Мои трансовые состояния для многих кажутся ошибкой, но для меня это естественный способ мыслить. В них я могу контролировать ход основного потока мыслей и его взаимодействия с реальностью. С их помощью я могу решать весьма сложные и нетривиальные задачи, и я достаточно подготовлен, чтобы переходить из них в “нормальное” в нужный момент. Иногда случаются курьёзы, но и на старуху бывает проруха.
Судя по всему, лагерь отслеживает выбор не только действий, но и внутренних состояний — оказываясь в ключевых для системы моментах, я выбираю направление потока мыслей в трансовом состоянии, и лагерь принимает это за выбор предложенных им вариантов.
Естественно, меня такое не устраивает от слова совсем. Но раз так, то нужно придумать и меры противодействия. А для этого мне нужна правильная обстановка.
Вот так я и дошёл до медпункта. Как раз и правильная обстановка, и хорошая компания. Тем более мне после вчерашнего надо было показаться. Наверное.
На пороге меня как раз встретила Виолестра.
— Привет… пионер. Никак подлечиться пришёл? — Предположим, да. А что-то изменится, если я скажу, что я просто гулял? — Тогда я скажу, прогульщик, что у меня для тебя есть ответственное поручение. — Раздеться для проверки зрения? — Можешь начинать прямо здесь, я разрешаю, — улыбнулась она.
Удар ниже пояса, однако!
— Вы мне поможете составить опись лекарств, которые сегодня привезли, — сказала она, но улыбка с её лица так и не сползла.

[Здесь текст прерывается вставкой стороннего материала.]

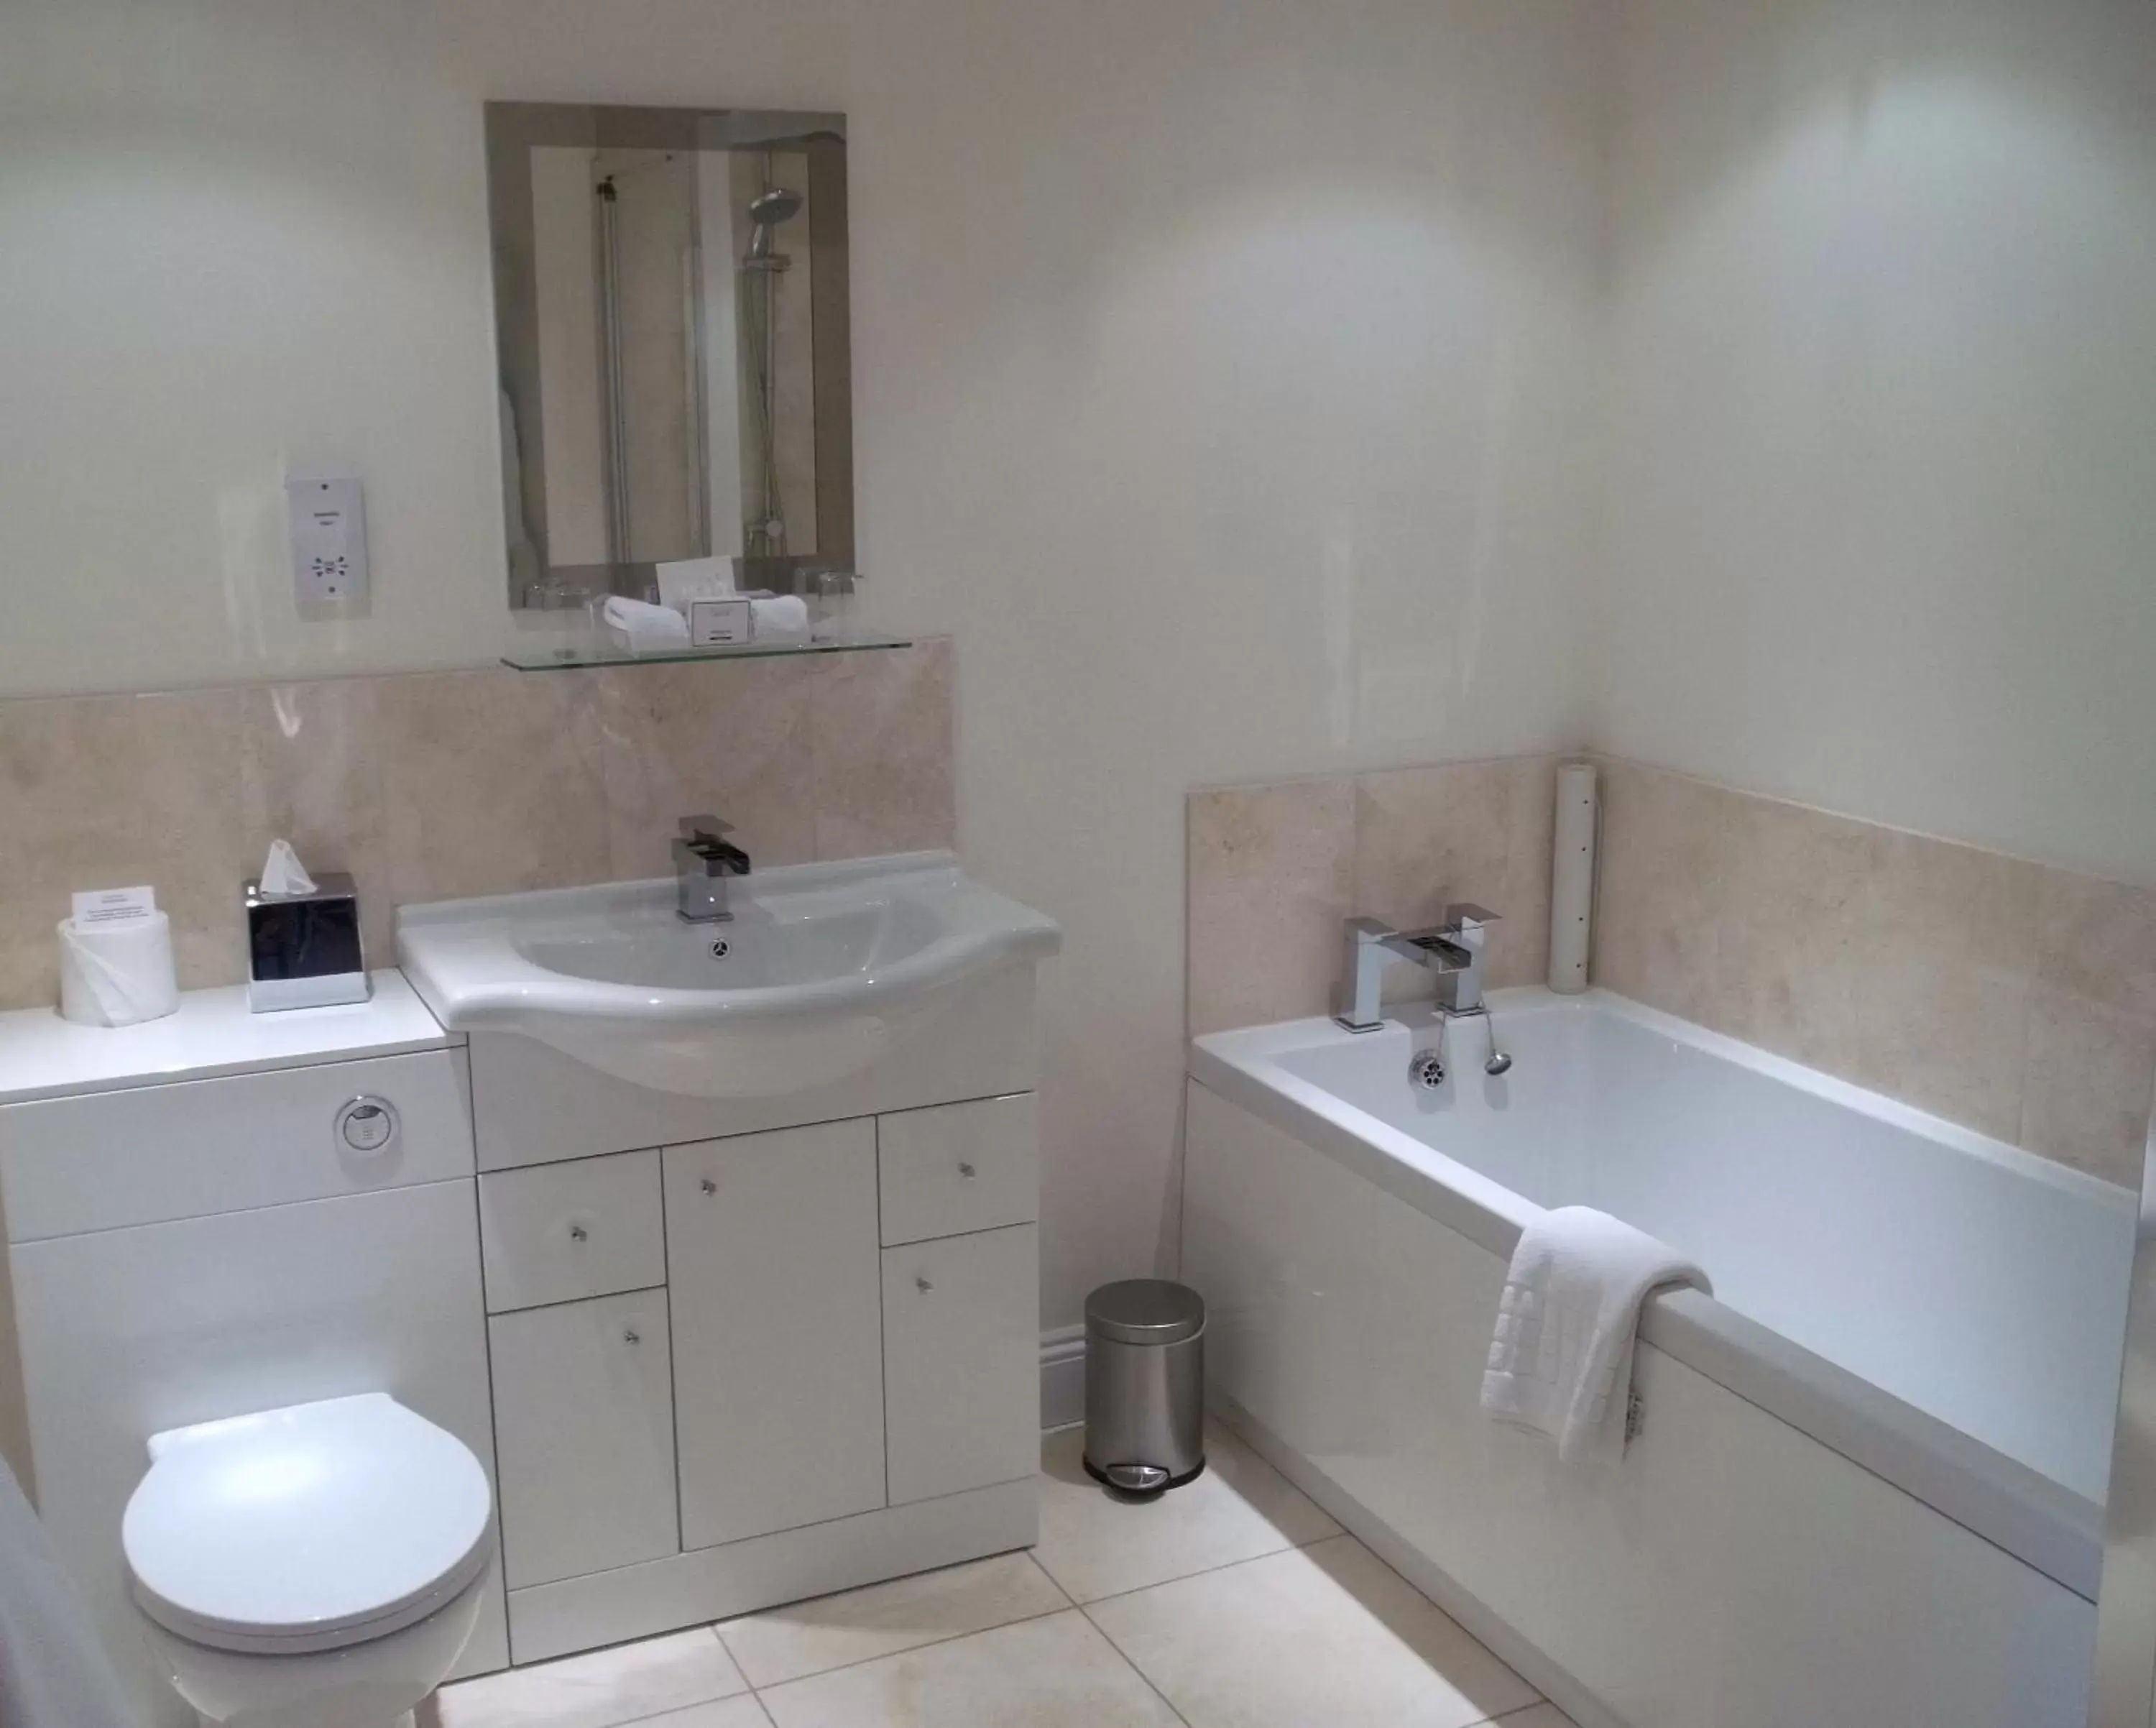 Bathroom in The Swan Hotel, Wells, Somerset

Из-за спины Виолестры выглянула Нылка, всё ещё красная от произошедшего в столовой.
Вот вроде охота сказать, что я думаю про это поручение, а вроде охота продолжить ничего не значащие заигрывания с медсестричкой…
О нет!..
Мы ценим правду, и мы её боимся. Мы осуждаем ложь, но мы не можем без неё. В некотором смысле ложь для нас ценнее правды. Притом, что правда бесценна.
Если все будут говорить только правду, люди не уживутся друг с другом. Мы смягчаем правду, обильно разбавляя её ложью, дабы упростить себе жизнь. Но постоянная ложь убивает доверие. Без которого жизнь не легче, чем с одной только правдой.
Для себя я нашёл выход из дилеммы: я стремлюсь всегда говорить правду. Иногда я её даже и придумываю. Но если правда слишком груба, я могу и промолчать. Но вместо меня может сказать и моя задница: “Привет, я его задница! И пока!..”
Очнулся я, когда практически прибежал на площадь. К счастью, там было немноголюдно, поэтому можно было спокойно выругаться. Всё-таки очень неприятно, когда собственный разум выкидывает такие штуки. Положение спасет невероятная атмосфера безопасности лагеря: за мои мелкие проделки никто мне ухо не откусит. Также, судя по прошлому разу, часть сознания продолжает работать даже в трансовом состоянии. А значит, я всё ещё могу вернуть контроль над моим разумом даже в важные для лагеря моменты. Но, как это ни ужасно, мне придётся ещё пару раз “накрыться”.
Пока я собирался с духом, до ушей дошли какие-то звуки, доносившиеся со стороны сцены. Музыка, значит. А что я могу в плане искусства?
Искусство — игра с формой и сутью. Собирая правильную форму, ты кажешься более искусен, чем выдавая неоформленную суть. Но в истинном шедевре они едины и неразрывны.